Here’s a link to the entire essay: A Land of Selective Laws, Mark’s Midweek Notebook, September 21, 2022.  It begins with a scathing description of the anarcho-tyranny practiced by our immigration authorities.

However, if you like selective application of the law, you’ll be thrilled to hear that in recent days two foreign visitors headed to Steyn HQ to tape a couple of interviews were both fingerprinted by the crazed fanatics of US Immigration.

Fingerprinting is something you do to criminals. My guests were traveling for business on passports of two prosperous western nations that happen to be, both formally and more broadly, ”allies” of the United States. But, in the crapped-out Oppositeland that is today’s America, the southern border is open 24/7 to human traffickers, drug cartels, child sex-slavers, terrorists, bearers of viruses, and illegal immigrants with no verifiable identity, while respectable travelers without criminal records are treated as low-life scum by the perverts of US officialdom. Neither of my guests enjoyed the experience, and, notwithstanding the efforts of my hospitality to compensate, neither has any desire to set foot in the United States ever again.
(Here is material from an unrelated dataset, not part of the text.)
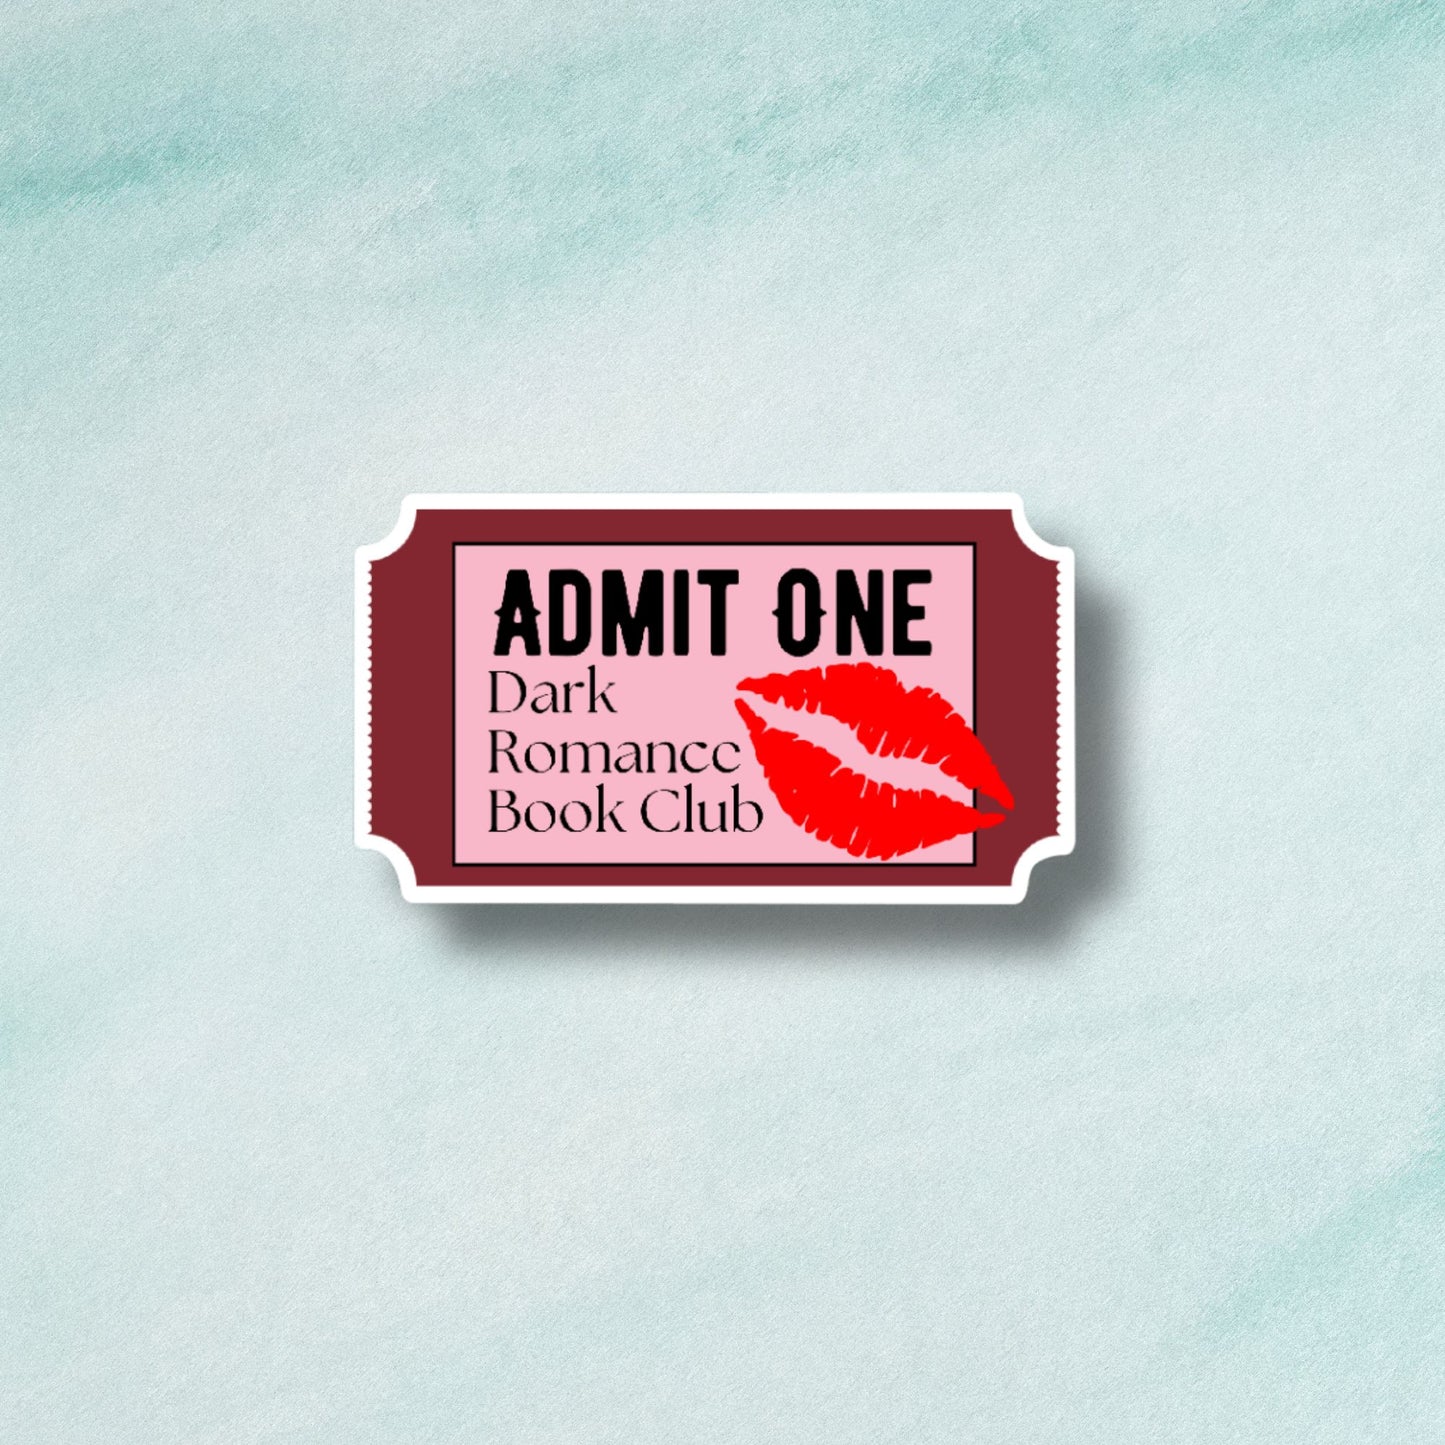 Admit One Ticket Sticker

James Fulford writes: The problems of legal immigrants dealing with the American immigration system versus the illegals crossing the southern border is the subject of one of VDARE.com editor Peter Brimelow’s earliest columns on the subject, Time To Rethink Immigration, in 1992.

DANTE would have been delighted by the Immigration and Naturalization Service waiting rooms. They would have provided him with a tenth Circle of Hell. There is something distinctly infernal about the spectacle of so many lost souls waiting around so hopelessly, mutually incomprehensible in virtually every language under the sun, each clutching a number from one of those ticket-issuing machines which may or may not be honored by the INS clerks before the end of the Civil Service working day.

The danger of damnation is perhaps low—although a Scottish friend of mine once found himself flung into the deportation holding tank because the INS misunderstood its own rules.

As regards to the whole ”cancellation” thing, we’re always grateful to Steyn for his kind words, because he doesn’t make the mistake of saying, as some free speech defenders do, that we’re evil but shouldn’t be persecuted like that, rather he says ”I can think of no reason why in a free society a person should not be entitled to hold such views.”